Chiaro che in condizioni del genere è ben difficile far fiorire un’economia solida, arricchirsi e progredire; qualcuno, però, c’è riuscito. Scopriamo chi tramite questa guida ai cinque paesi più ricchi dell’Africa sulla base del potere d’acquisto dei loro abitanti.

 

Mauritius

Non più solo canna da zucchero, ma anche moda e turismo

La bandiera delle MauritiusAl quinto posto della graduatoria, con un PIL pro capite (adattato alla parità di potere d’acquisto) di quasi 15.500 dollari troviamo Mauritius, un piccolo arcipelago di isolotti al largo del Madagascar, nella parte sud-orientale del continente.

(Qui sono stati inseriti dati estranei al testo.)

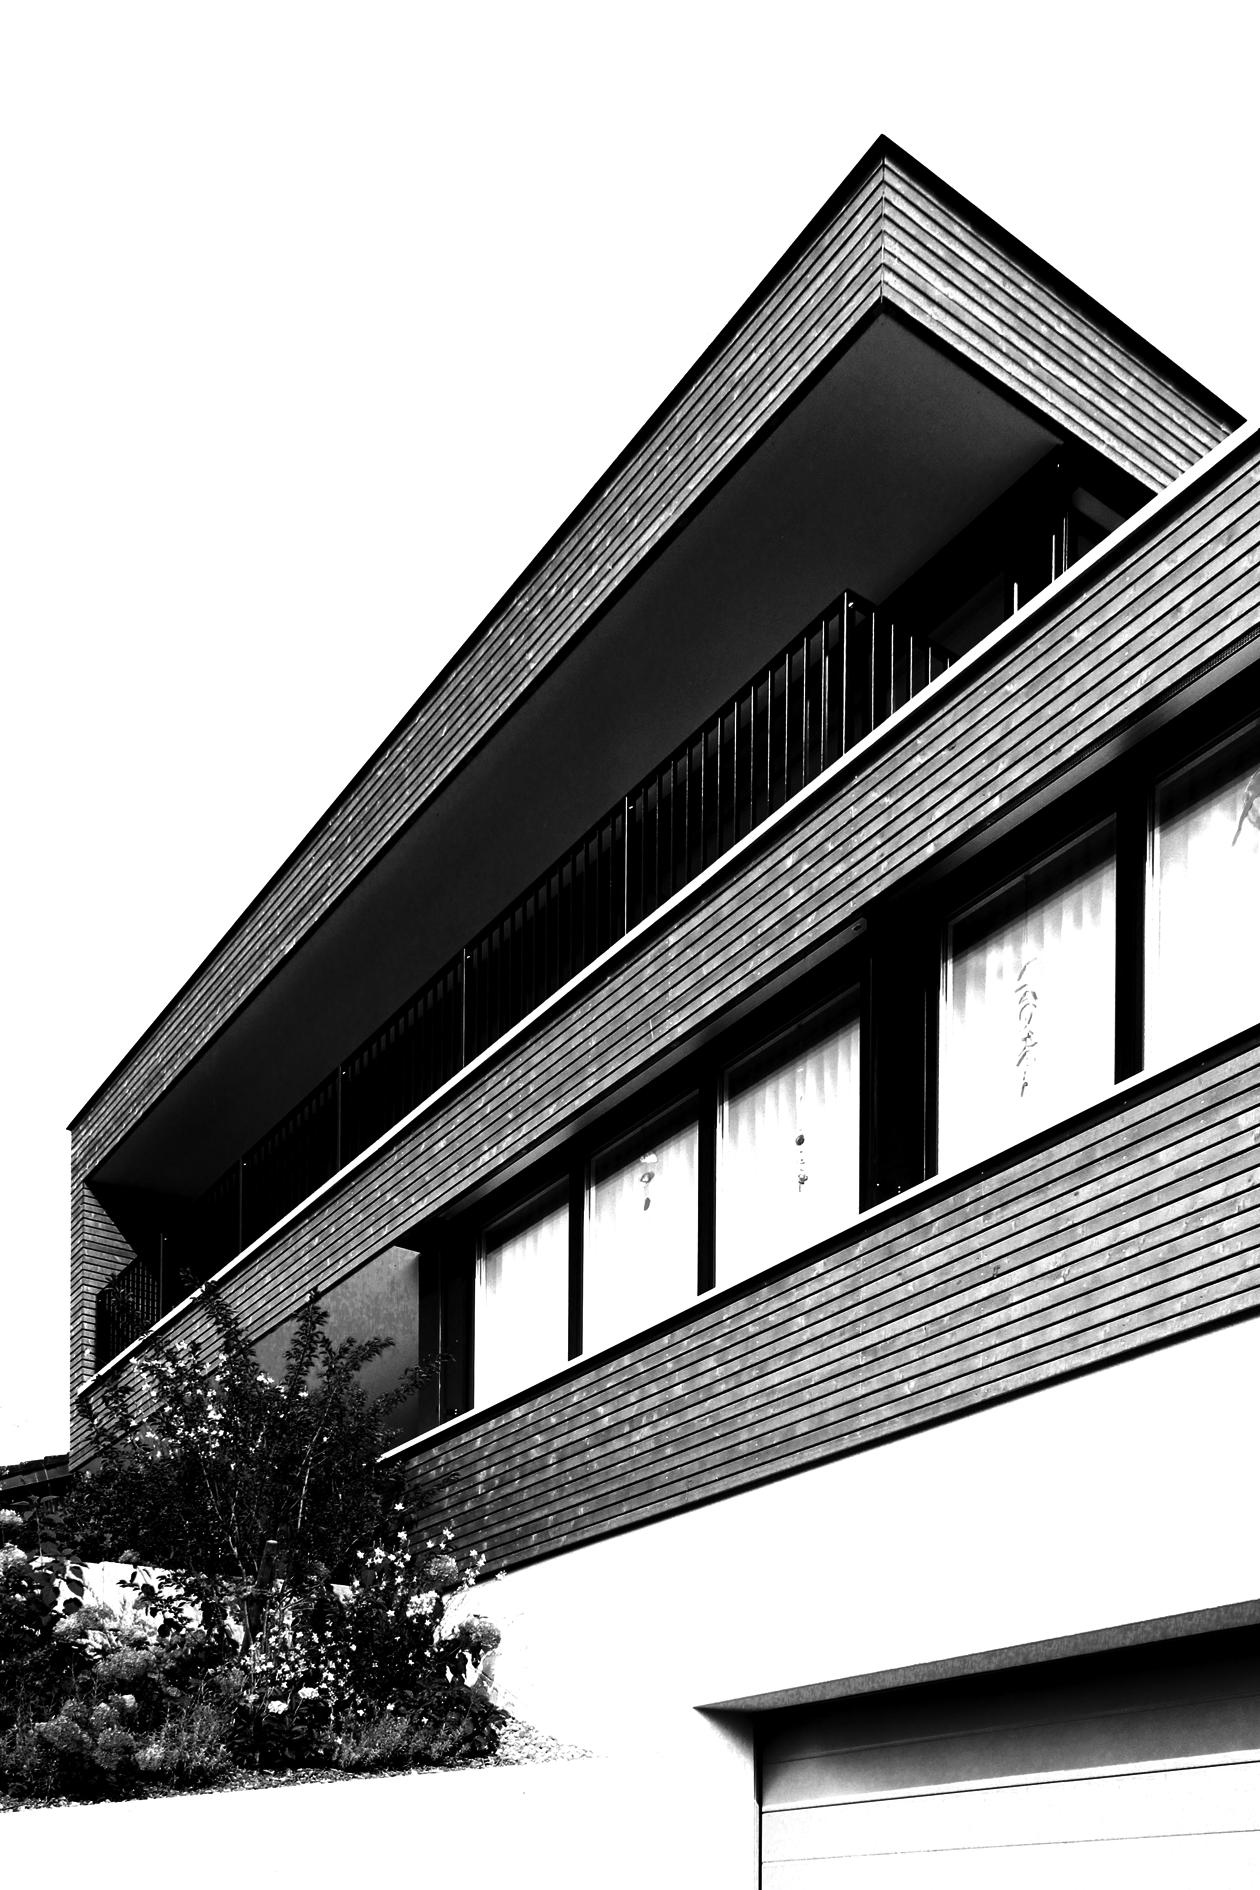 efh s ntisstrasse eigen gmbh architektur design. Black Bedroom Furniture Sets. Home Design Ideas

Ex colonia britannica – ma prima era stata in mano anche agli olandesi, che le diedero il nome in onore del principe Maurizio di Nassau, e ai francesi – resasi indipendente solo nel 1968, è una nazione saldamente democratica, membro del Commonwealth e capace di attrarre ingenti investimenti stranieri; situata non lontana dalle più famose Seychelles, delle quali torneremo a breve a parlare, Mauritius ha un’economia che è un piccolo miracolo, in quanto riesce a distribuire la ricchezza in maniera molto più equa di quanto non avvenga nella quasi totalità degli altri paesi africani.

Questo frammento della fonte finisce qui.